Relational Databases

Author:

Relational Databases

Databases, in combination with a Database Management System (DBMS), allow persistent storage, easy administration, and safe manipulation of information and are therefore among the most important computer applications. Data in a database is structured according to one of the multiple sets of rules. Proposed in 1970 by E.F. Codd, the relational data model is the foundation of the most used DBMS. As a general rule, it is therefore recommended to use a relational database unless the form of data or access patterns is better suited for other forms of databases.

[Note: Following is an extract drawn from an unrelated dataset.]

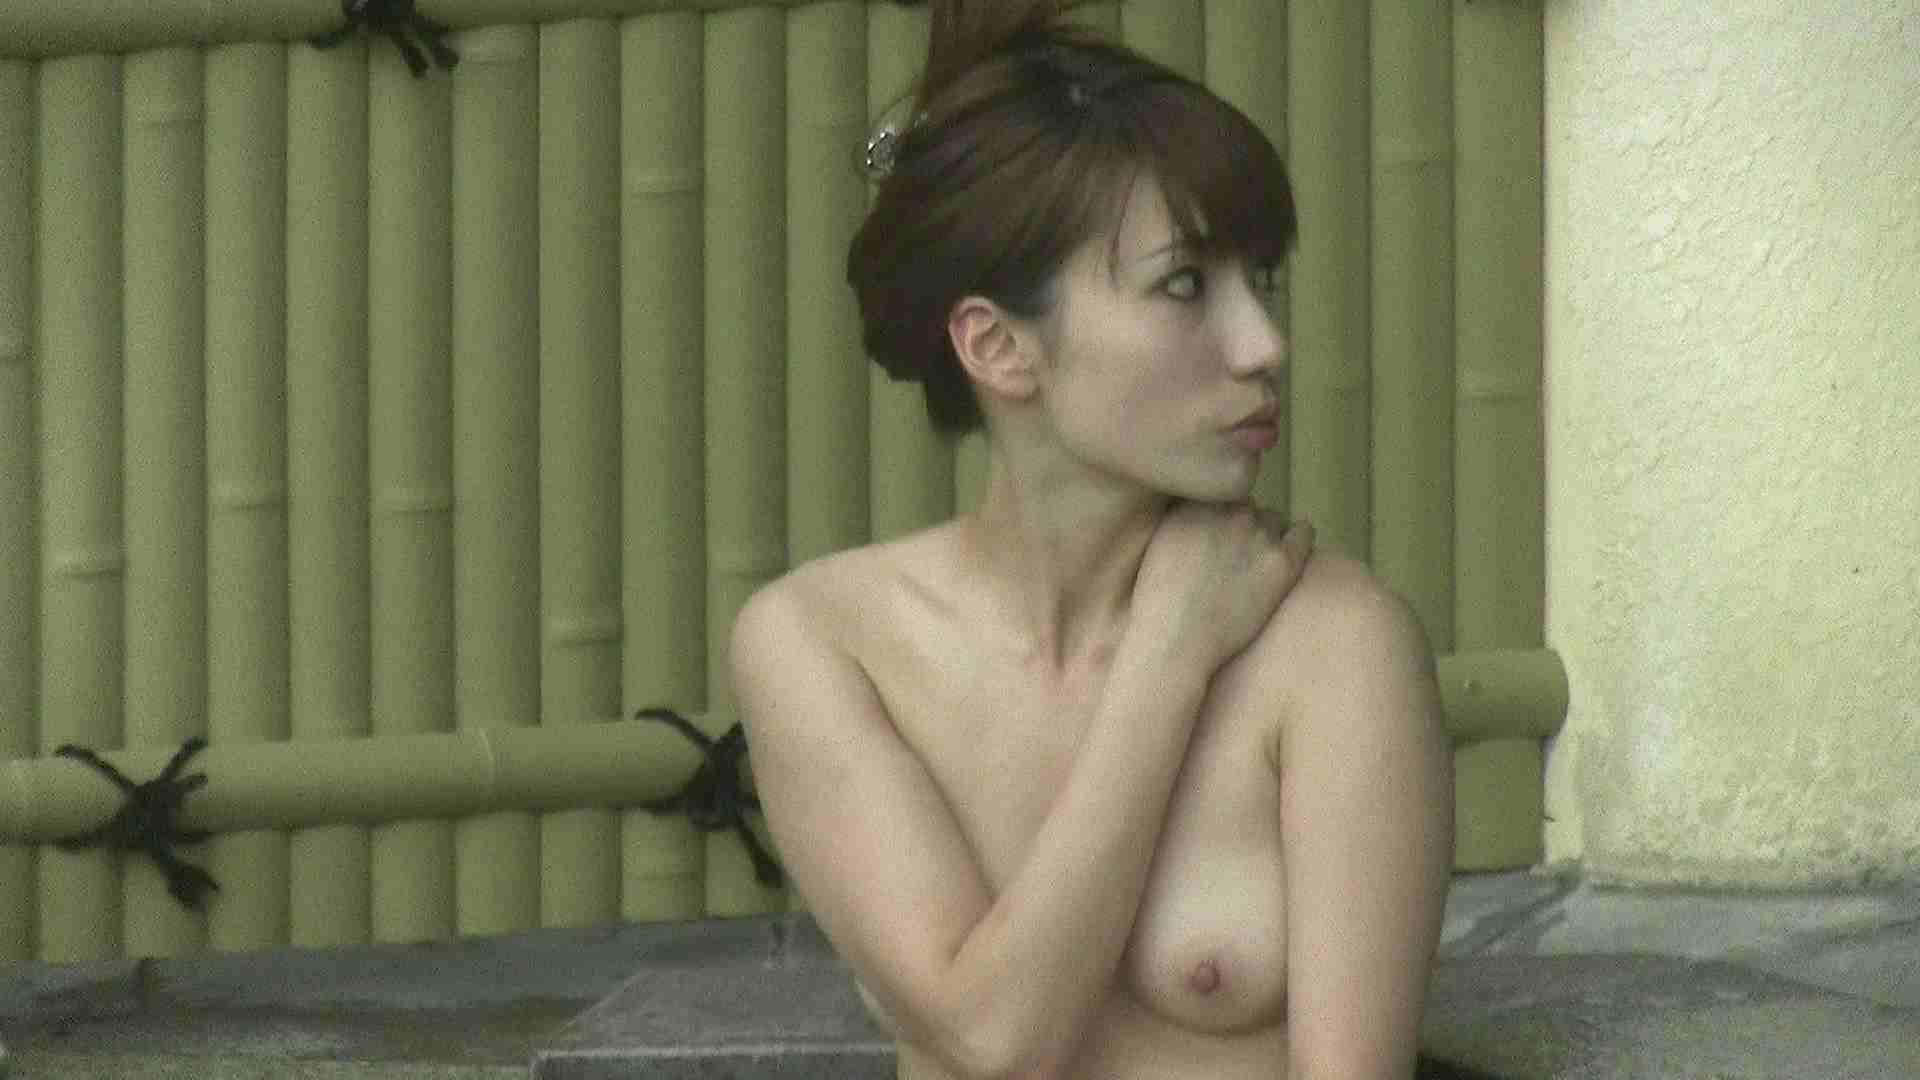 Aquaな露天風呂Vol.208 露天風呂 | 盗撮  54連発 25

The Entity-Relationship-Model

Deciding how to break up data into multiple tables and then establishing the relationships between these tables is called data modelling. The data model shows the tables and their relationships. 

Entities are abstractions of real-world objects and feature properties, which are called attributes. As an example, employees are an entity with the attributes employee ID, name, department, and internal telephone number. Department would be another entity with the attributes department ID, department name, and number of employees.

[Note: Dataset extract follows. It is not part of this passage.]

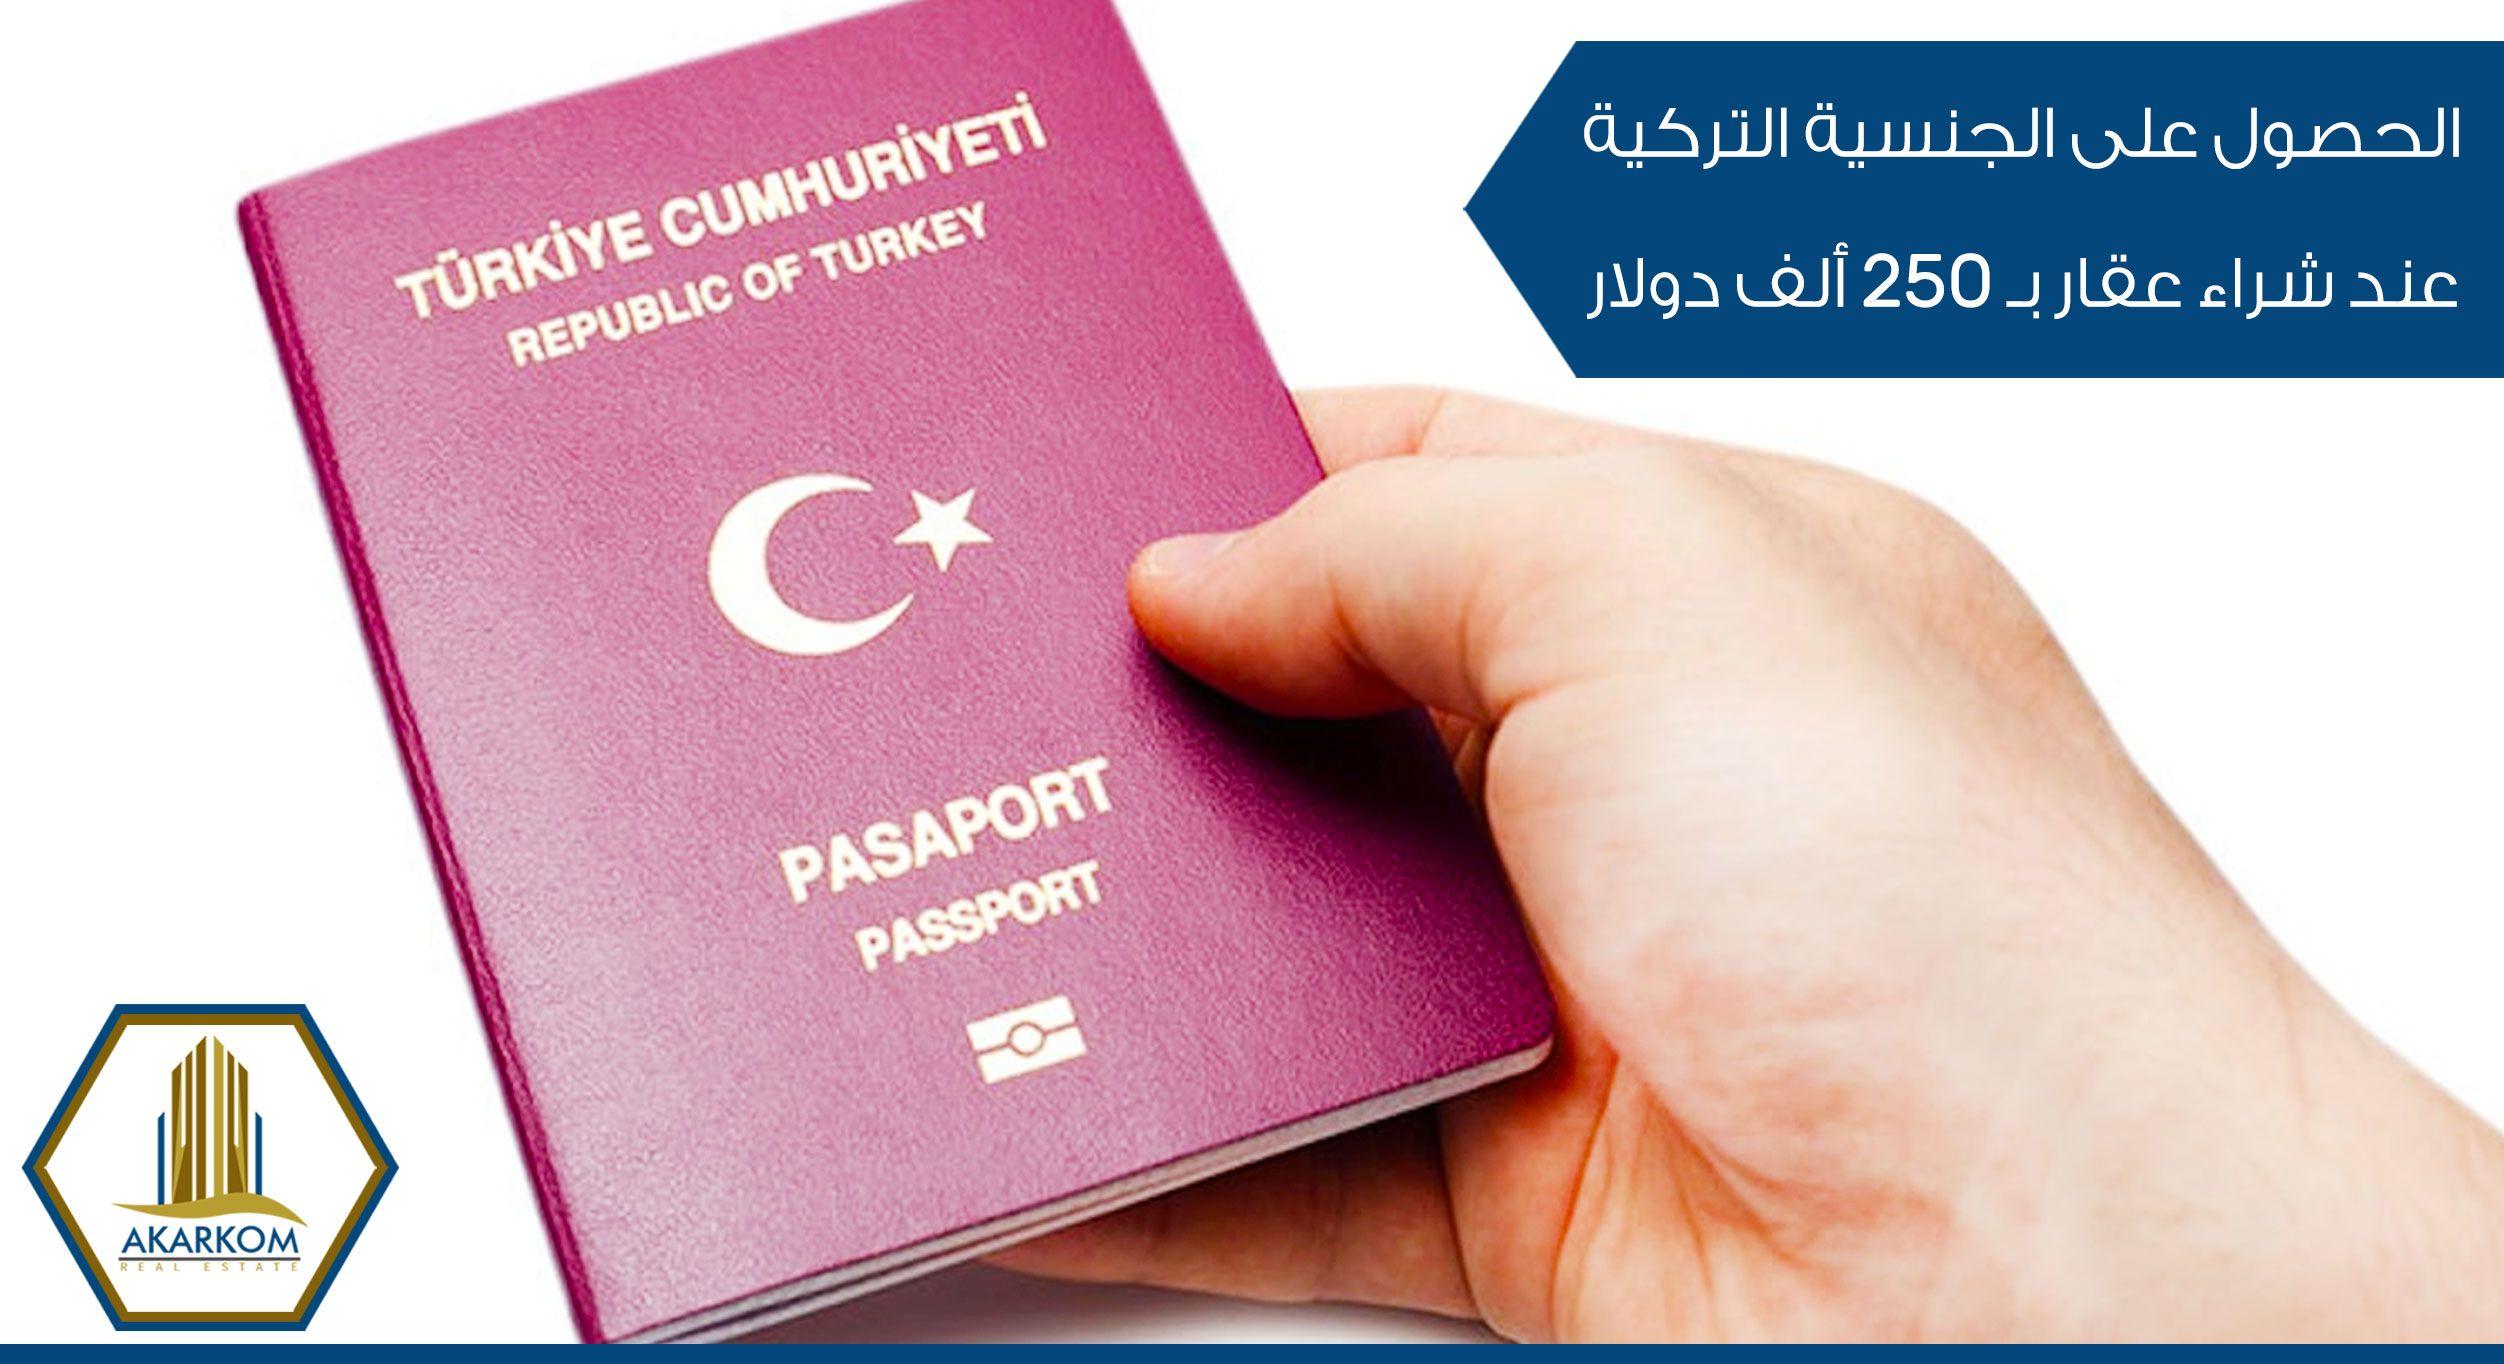 اجراءات الحصول على الجنسية التركية بعد امتلاك عقار بقيمة 250 ألف دولار وفق التعديلات القانونية الأخيرة و بالتفصيل عبر ا Republic Of Turkey Book Cover Passpo

Relationships connect entities with each other, usually through a predicate verb, e.g. <employee name> works in <department name> or <department name> produces <product>. For each side of a relationship, it is specified how many such relationships the entity can have. This is called the cardinality of the relationship. There are four possible cardinalities:

  • one-to-one relationship: each employee works in one department
  • one-to-many relationship: each department produces multiple products
  • many-to-one relationship: many employees work in the same department
  • many-to-many relationship: many customers can order the same products

What is a Relational Database?

In a relational database, entities are listed in tables. Each table shows the connections between the entities’ attributes. The table’s schema defines which attributes each record in the table must include. Each attribute is listed in a column, and each realization of the entity is displayed in a row, which is also often called a record. Attributes have a specific data type, like string for name and department, and integer for internal phone number and EmployeeID. A table for the employees from the above example looks like this:

Employees
EmployeeIDNameDepartmentinternalPhoneNumber
1985Max MuellerSales12
2011Sandra KellerIT45
2186Tobias DunlopHR18
2463Sarah MooreAccountingNull

Each record in the table is a tuple, e.g. (2011, Sandra Keller, IT, 45). If there is no data available for an attribute or if an attribute is not applicable for a record (like pregnancy leave for male employees), the special value Null is entered. The attribute that allows the unique identification of a tuple is called the primary key. In the above example, the employeeID is the primary key. The primary key can’t be Null and each table can have only one primary key. 

Normalization

Normalization is the process of optimizing the organization of data in a relational database. It aims to protect the data from corruption and inconsistent dependency, make the database more flexible and speed up data access by eliminating redundancy, and reduce unnecessary disk space usage. The rules for database normalization are called Normal Forms. Although there are 7 Normal Forms, the first three Normal Forms are considered the highest level necessary for most applications. Steps to normalize data include eliminating repeating groups in individual tables, creating separate tables for each set of related data and identifying these sets with a primary key, creating separate tables for sets of values that apply to multiple records and relating these tables with a foreign key, and eliminating fields that do not depend on the key.

What is a Relational Database Management System?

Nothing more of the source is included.